§ **Task goal**
This calls for a word-for-word copy of all the data, with each picture removed.

[Supplied information]

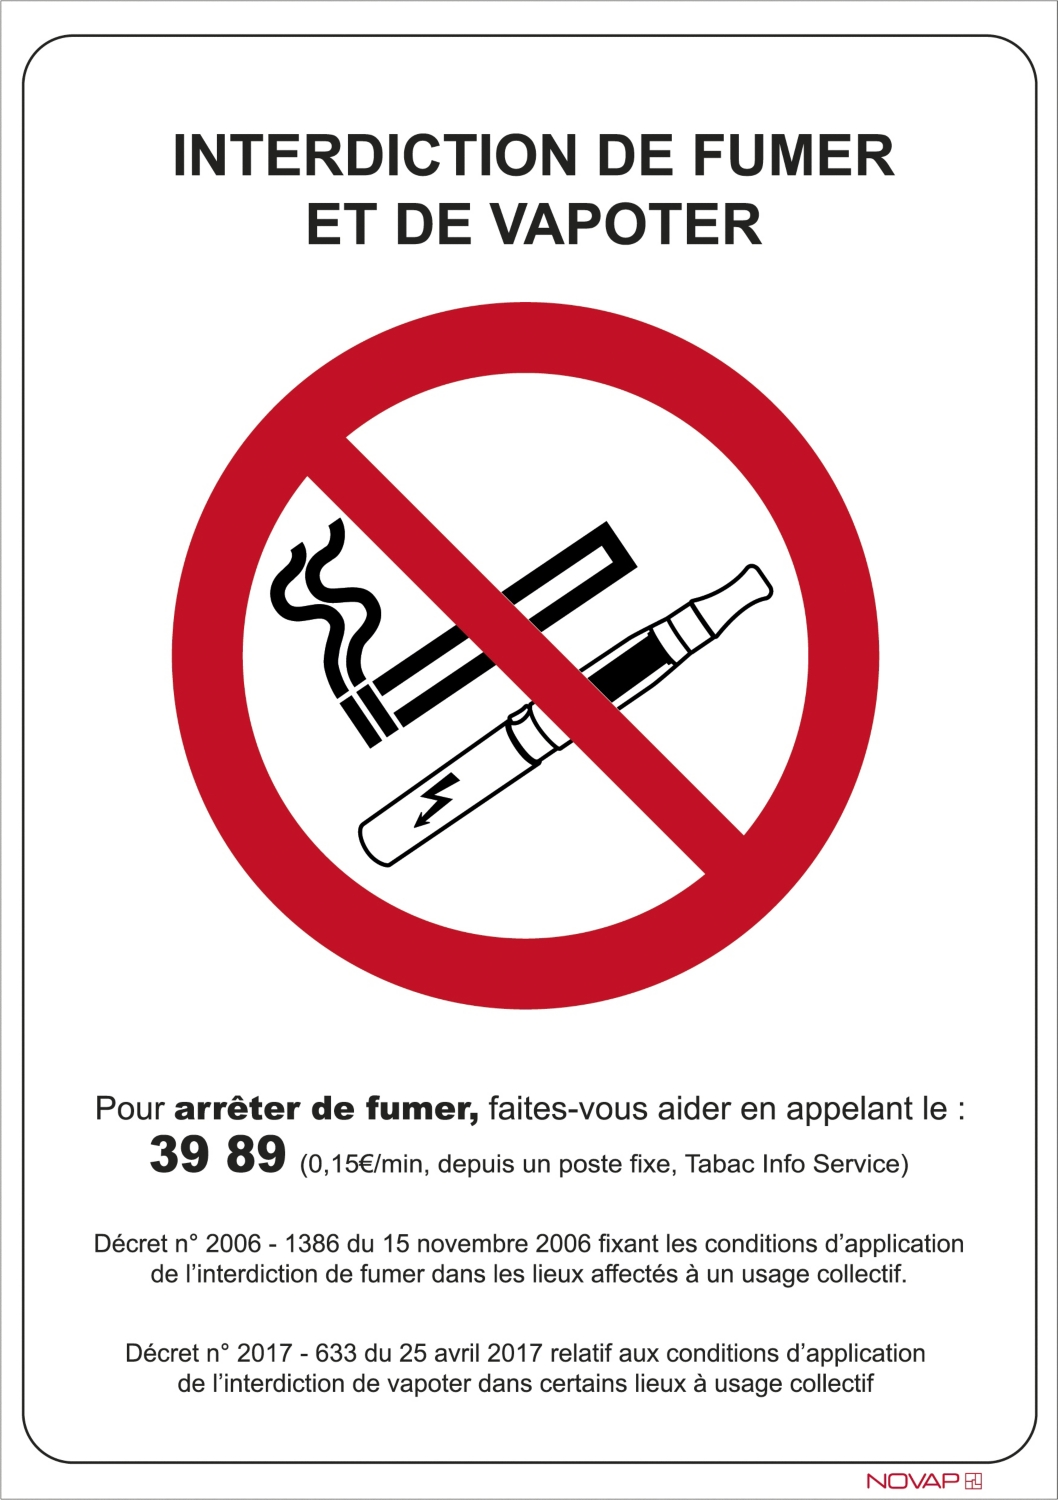  Panneau interdiction de fumer et de vapoter 
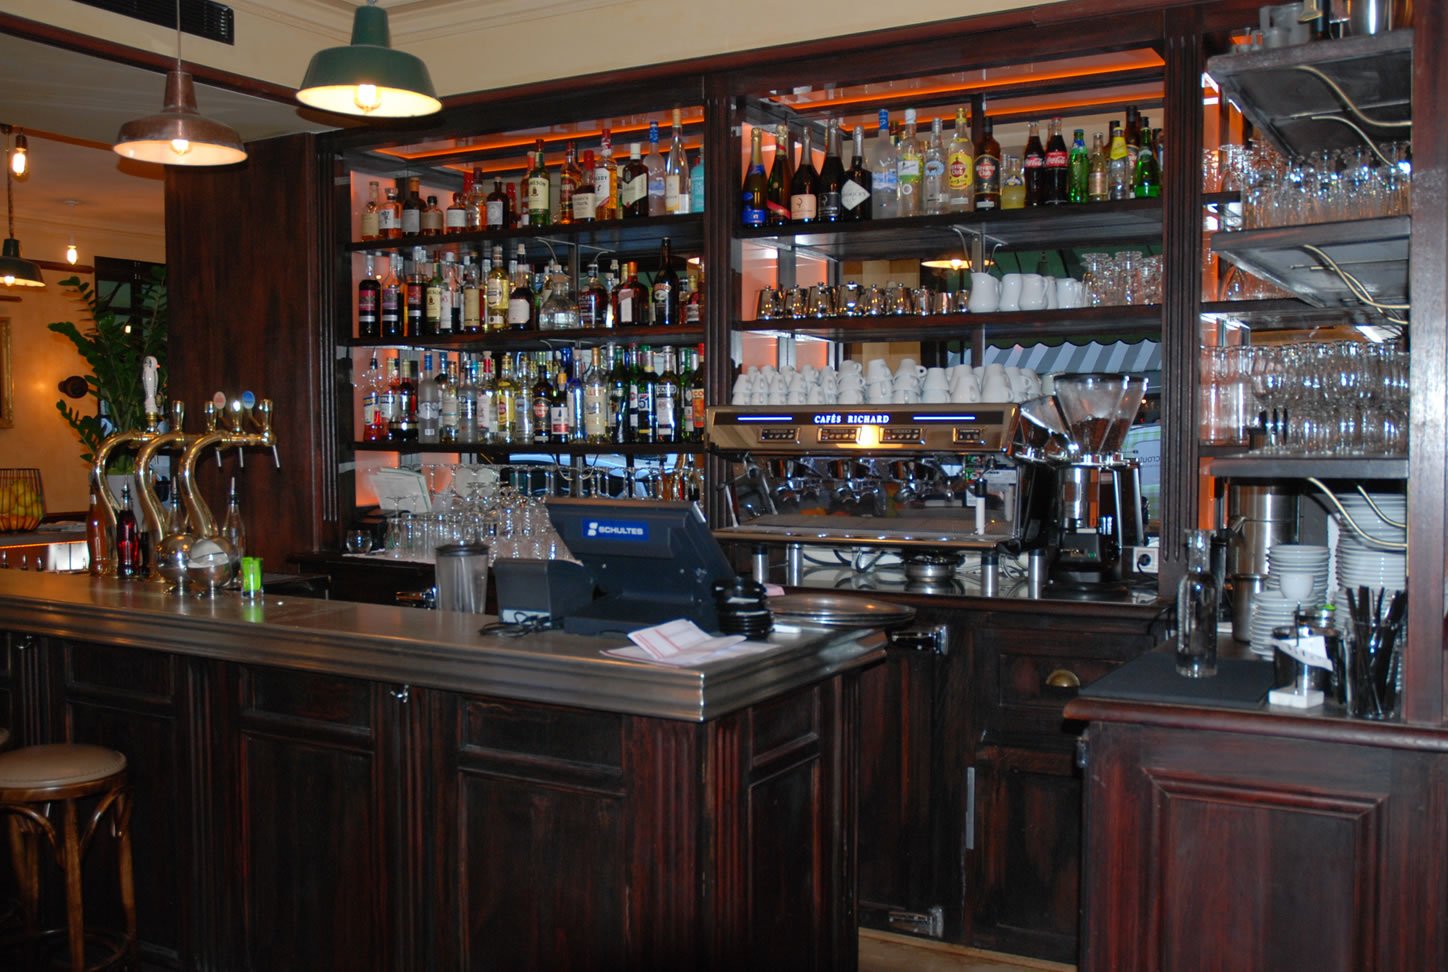  Arrière bar et emplacement machine à café
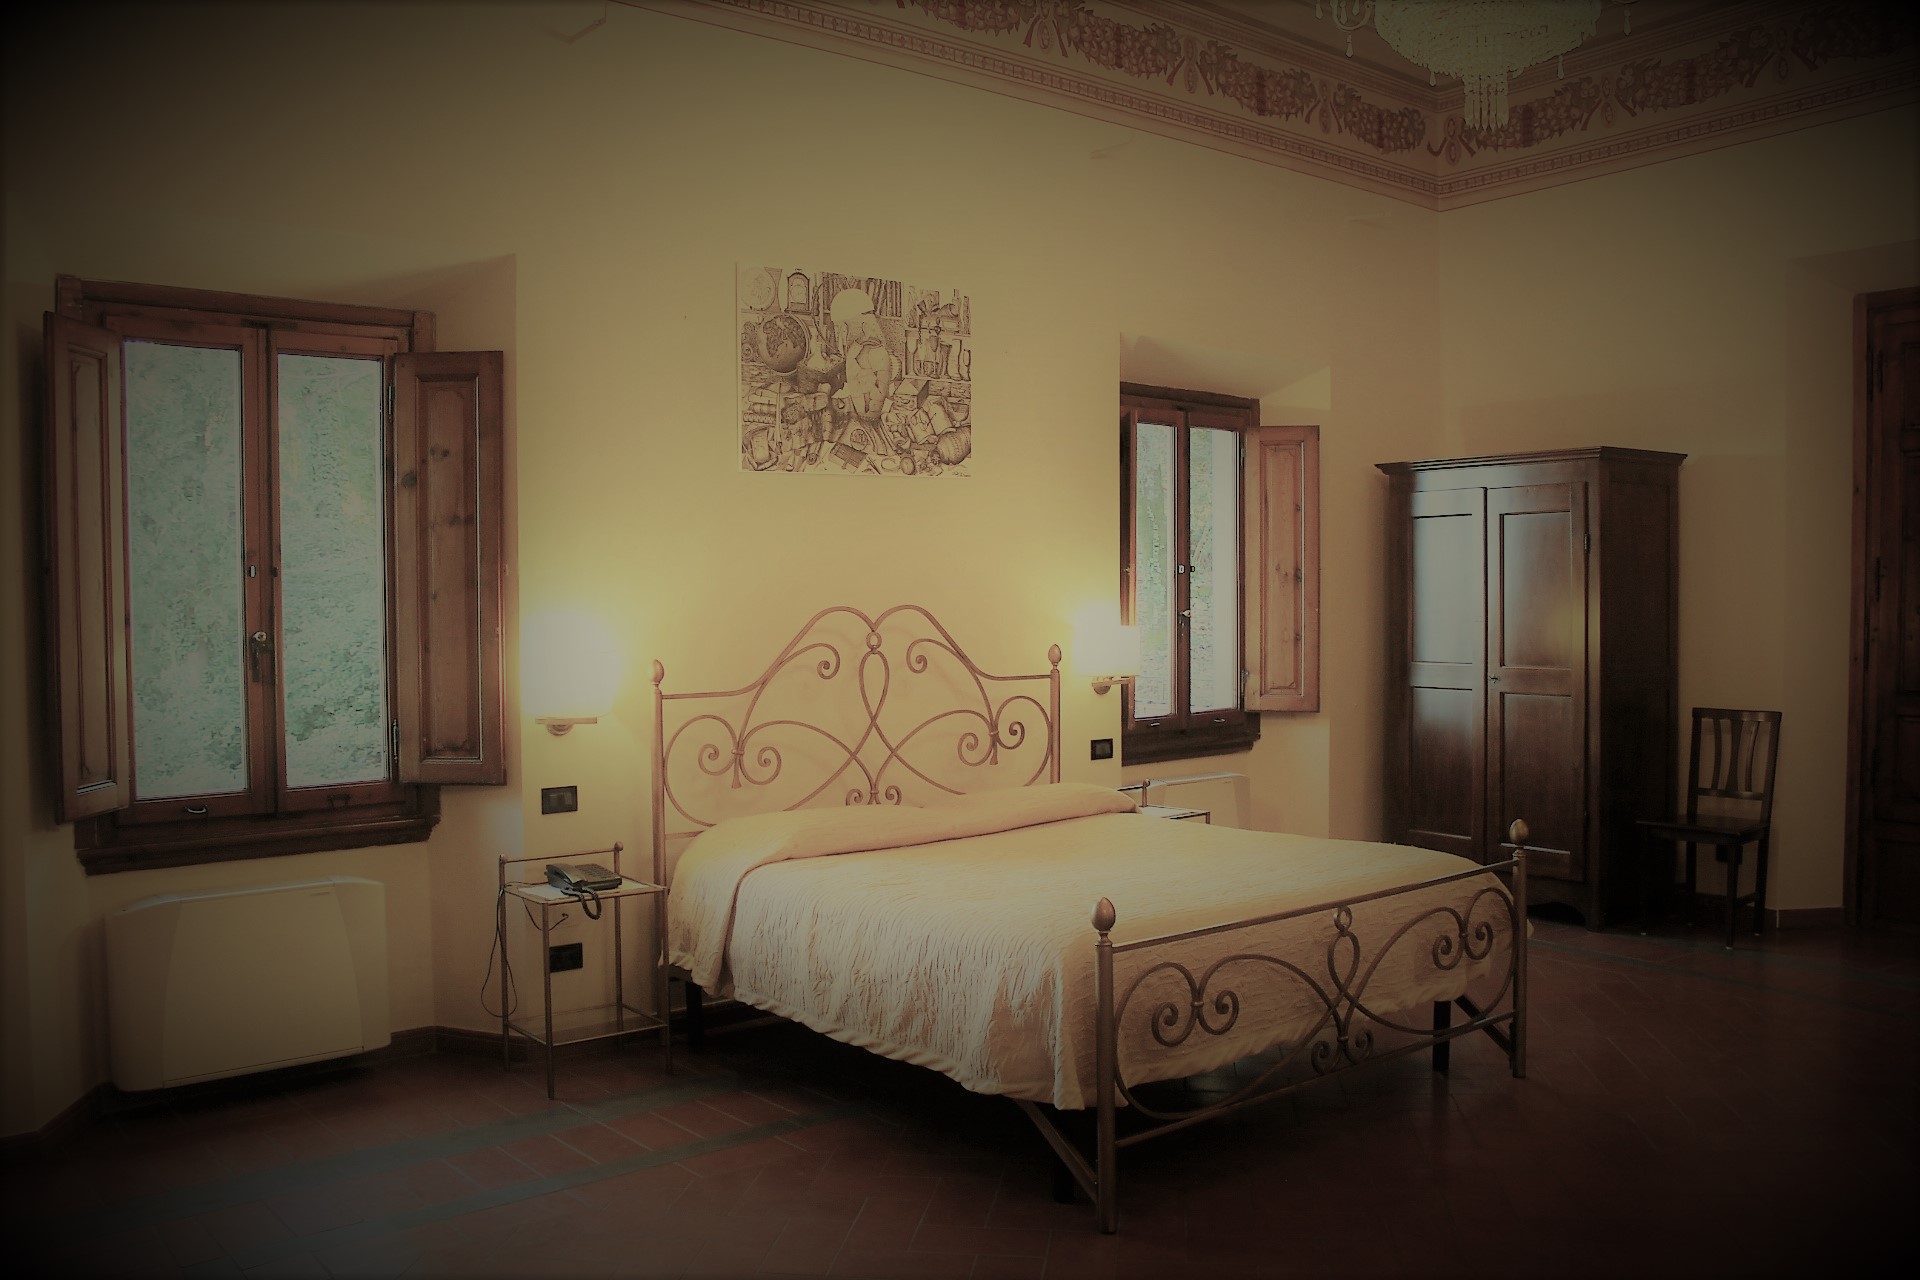 Residence Casa Volpi - Ristorante & Hotel Arezzo

[/Supplied information]

§ **Exercise solution**
  Panneau interdiction de fumer et de vapoter 
  Arrière bar et emplacement machine à café
 Residence Casa Volpi - Ristorante & Hotel Arezzo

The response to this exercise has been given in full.